It all started with wood pellets.

The Renewable Heat Initiative (RHI) launched in Northern Ireland in 2012, providing subsidies for switching to low-carbon energy sources, such as biomass generators that burned wood chips.

Unfortunately, the subsidies were worth more than the fuel cost, and no cap was set. This led to a bizarre situation where people were incentivised to use energy they didn’t need, from a source that, while not as damaging as fossil fuels, is still far from environmentally friendly. One farmer was reportedly down to earn £1m for heating an empty shed.

Read more: PM backs down on Brexit backstop deadline to keep Davis onside

The scandal hit in January 2017, when it emerged that the scheme had massively overspent – at a cost to taxpayers now estimated at £700m.
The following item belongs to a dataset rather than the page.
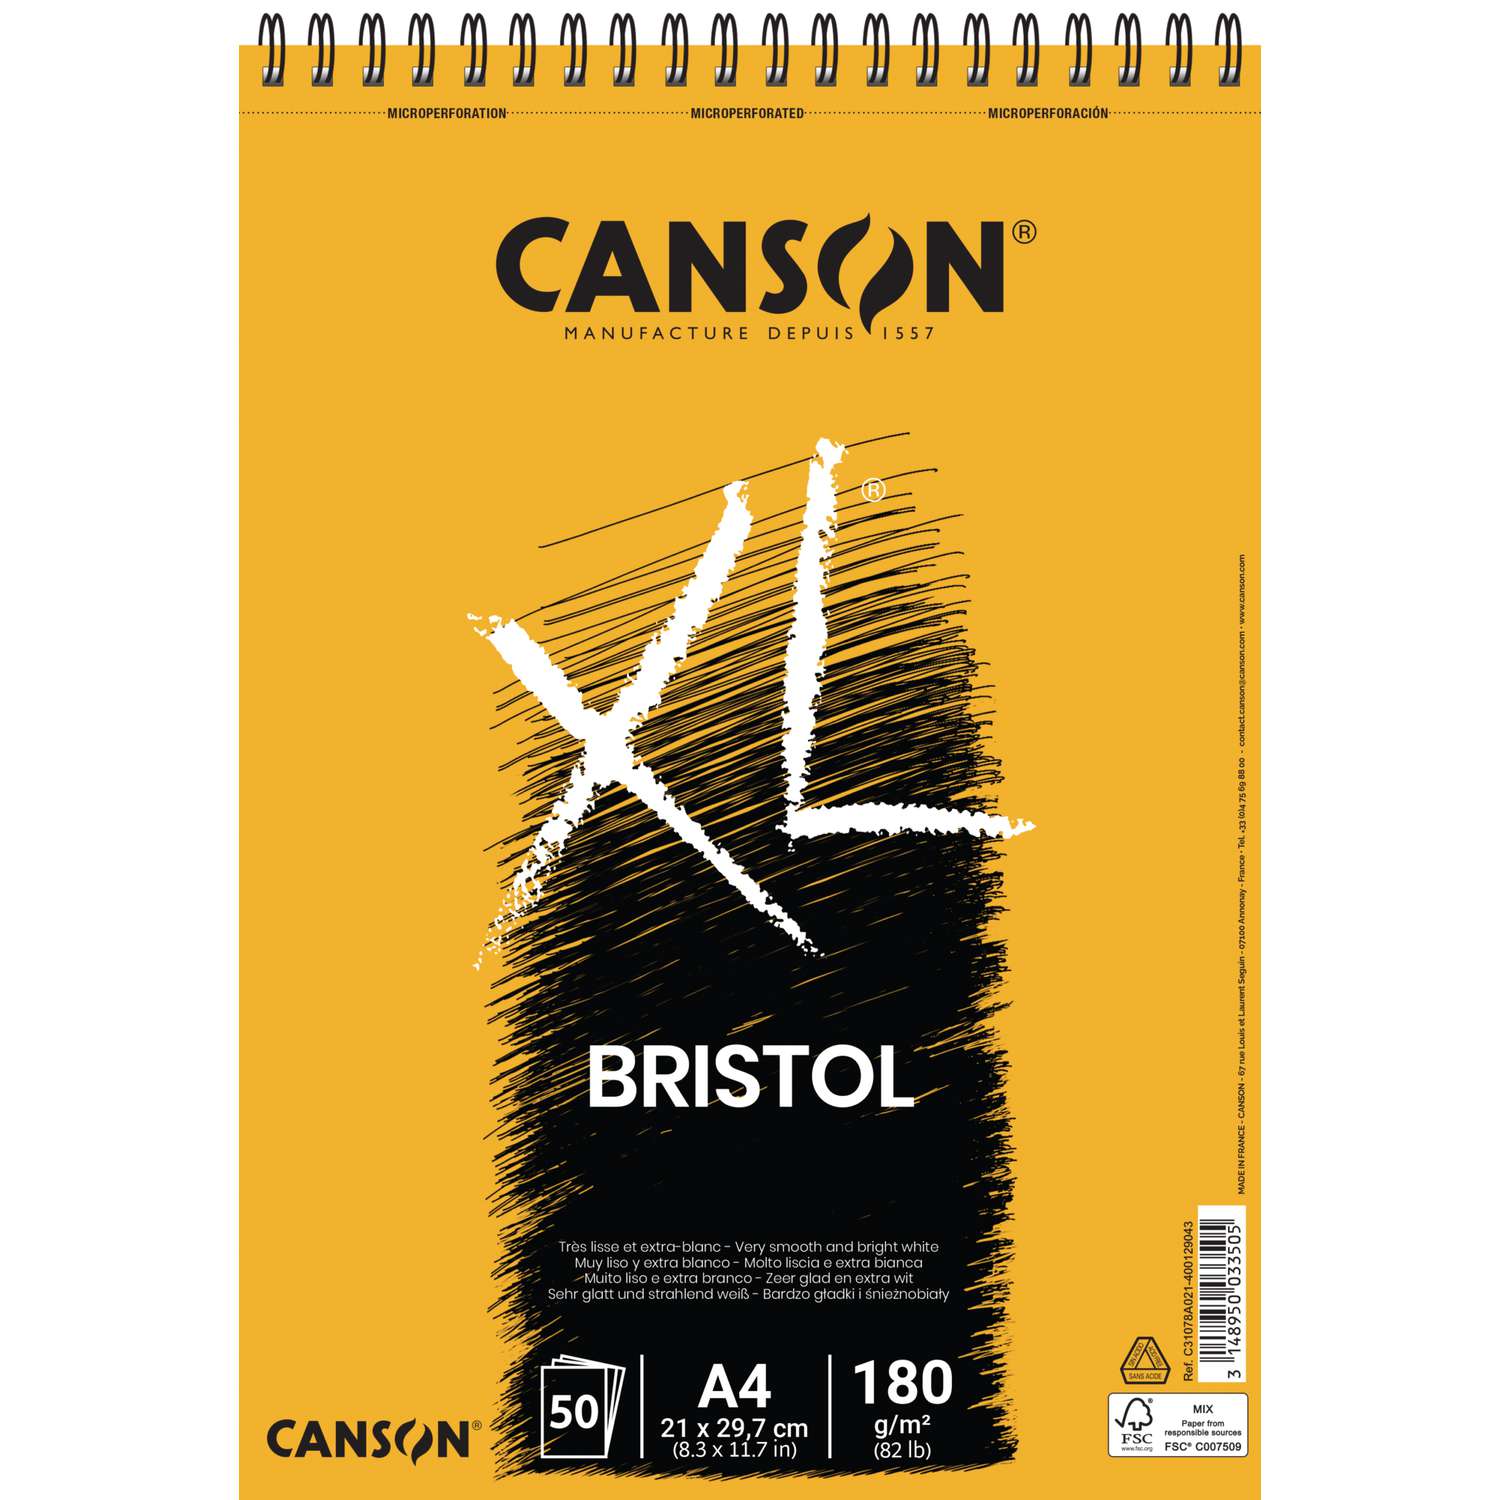 Smaak Crimineel Actief CANSON® XL® Bristol Bristolpapier | Gerstaecker - De grootste online winkel  voor kunstenaarsbenodigdheden!

The blame centred squarely on the environment minister who had brought in the RHI: a certain Arlene Foster of the DUP.

If that name rings a bell, it’s because Foster, who became DUP leader and first minister for Northern Ireland in 2016, is probably the second most powerful woman in the UK – it is only thanks to her 10 MPs propping up the minority Tory government that Theresa May is still Prime Minister.

But when the RHI debacle came to light, she was almost ousted.

The late Martin McGuinness, from the opposition party Sinn Fein, used the RHI as a (perhaps cynical) excuse to resign as deputy first minister, triggering a snap election.

Sinn Fein stubbornly refused to return to a power-sharing arrangement with the DUP as long as Foster remained in charge. There has been no assembly at Stormont since.

Foster, who refused to resign for her mishandling of the RHI even with the prospect of her nation lacking a government, called the backlash against her “misogynistic” – an interesting defence, given her current role in the row over abortion.

Northern Ireland has some of the harshest restrictions in the developed world. Women cannot terminate a pregnancy even in cases of rape or fatal foetal abnormality, let alone for reasons of personal choice.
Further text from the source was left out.